## Raw data
== Segment start ==

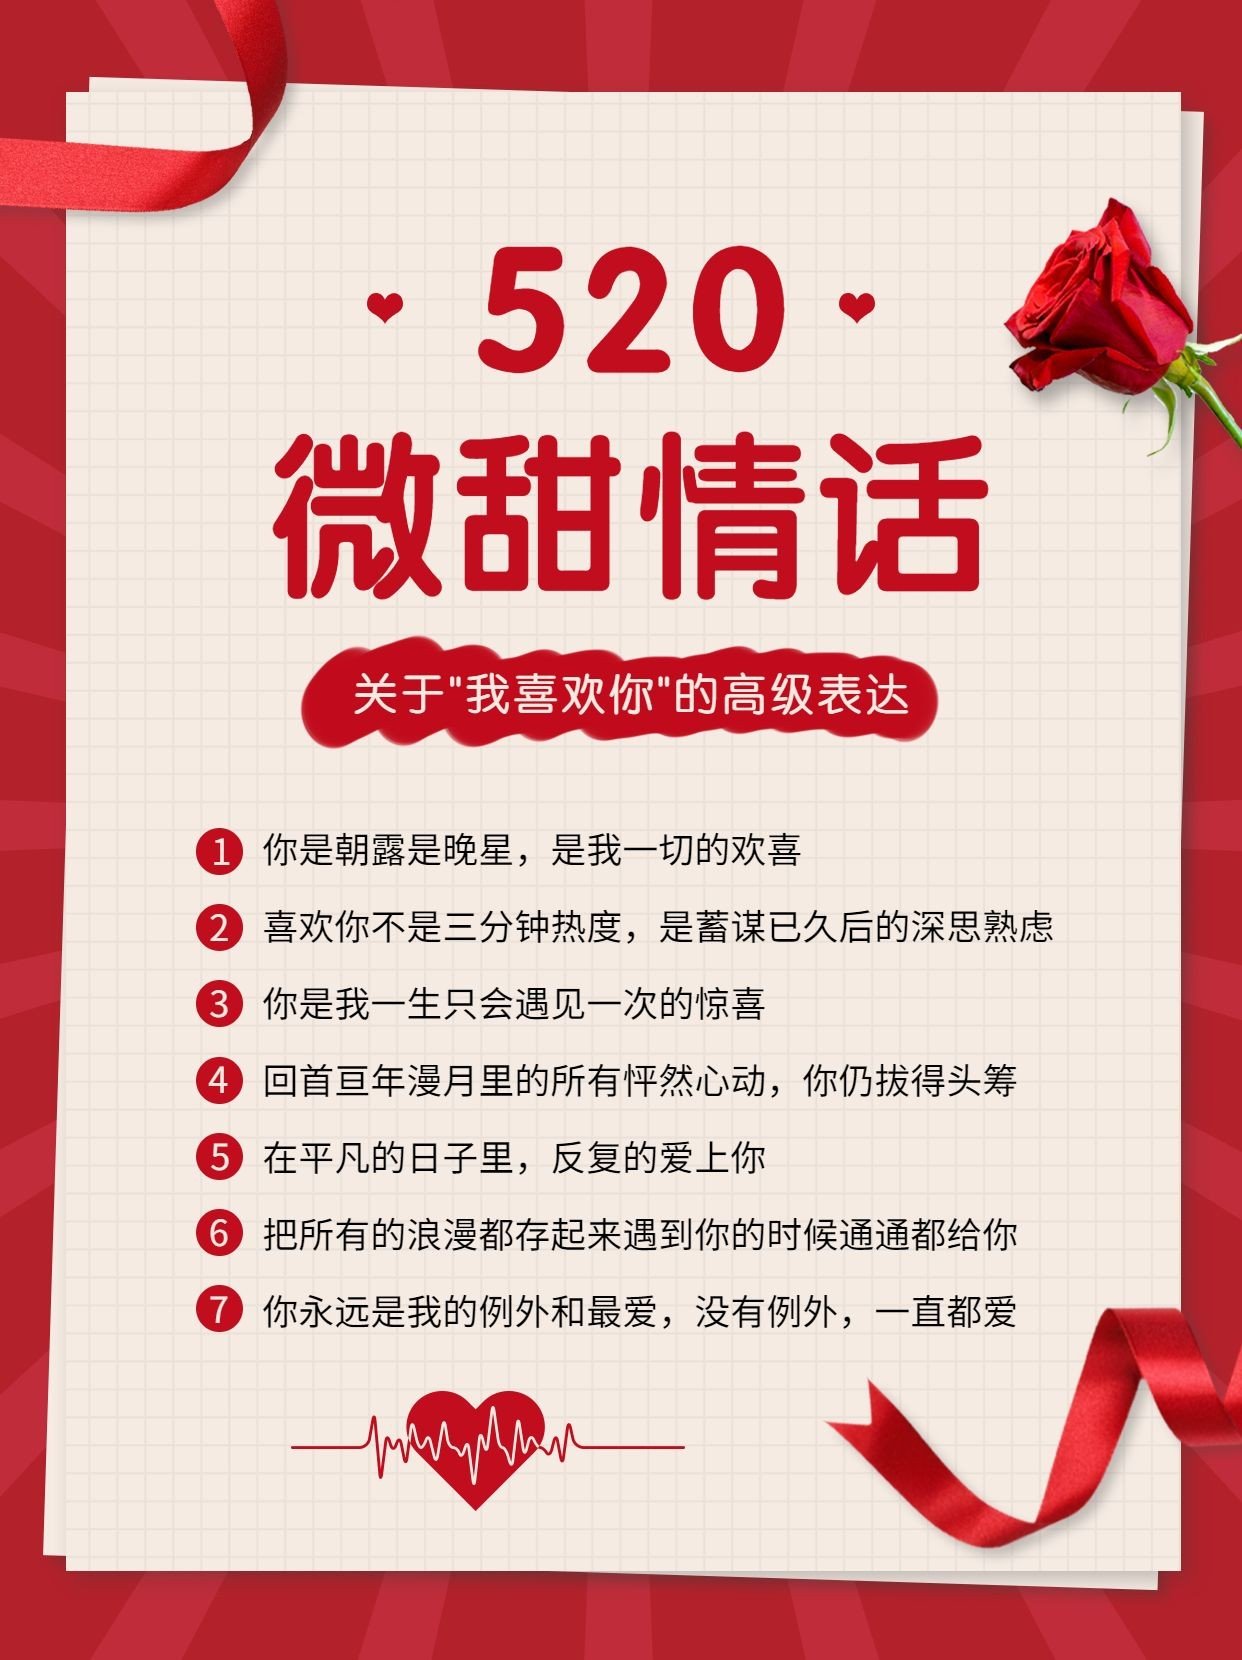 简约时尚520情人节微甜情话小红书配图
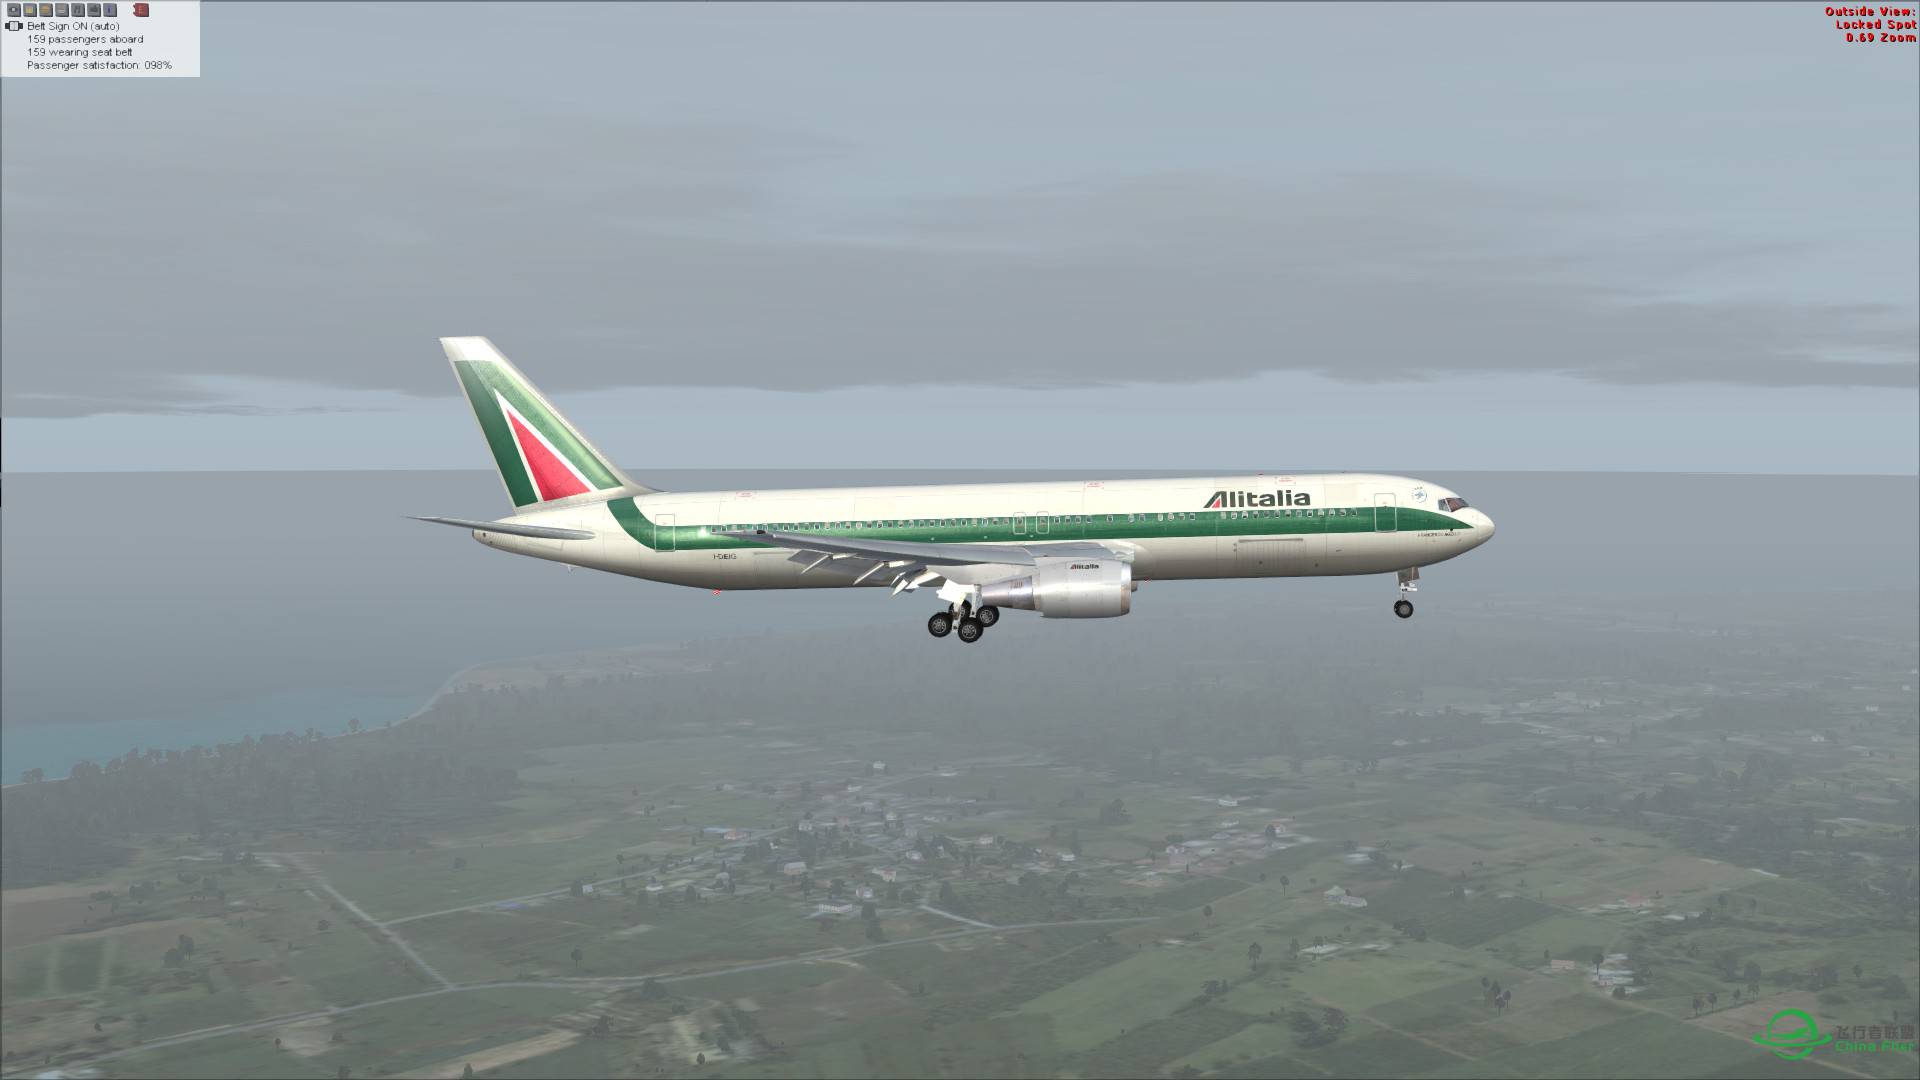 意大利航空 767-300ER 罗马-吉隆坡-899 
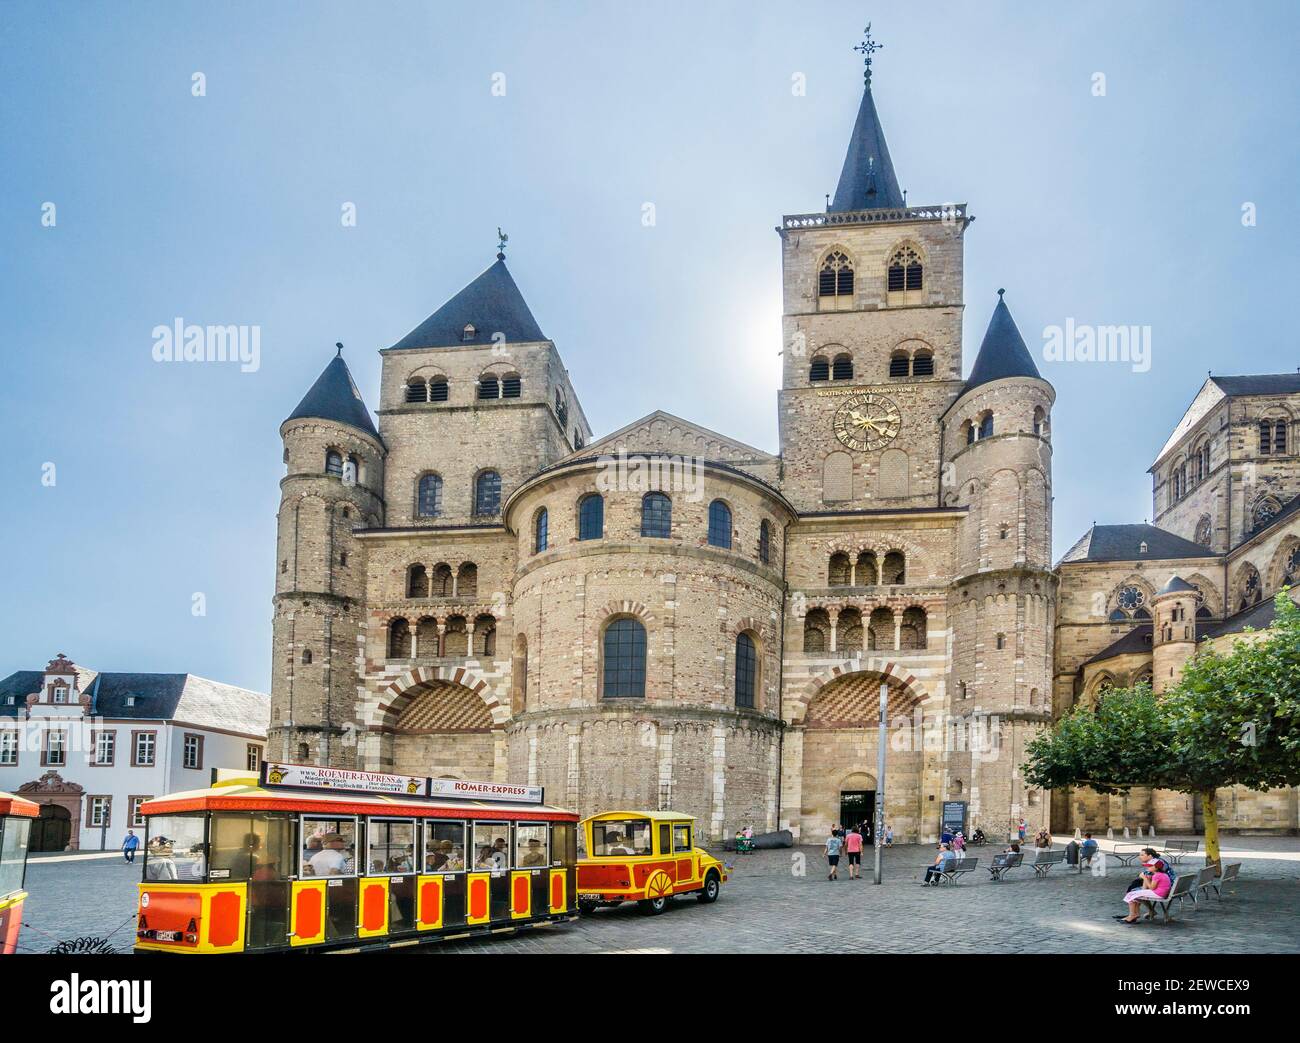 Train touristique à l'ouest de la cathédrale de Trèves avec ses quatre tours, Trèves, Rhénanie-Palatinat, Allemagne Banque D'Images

== Segment end ==

## Your objective
Give back all the material exactly, with no pictures.

## Solved problem
 简约时尚520情人节微甜情话小红书配图
 意大利航空 767-300ER 罗马-吉隆坡-899 
 Train touristique à l'ouest de la cathédrale de Trèves avec ses quatre tours, Trèves, Rhénanie-Palatinat, Allemagne Banque D'Images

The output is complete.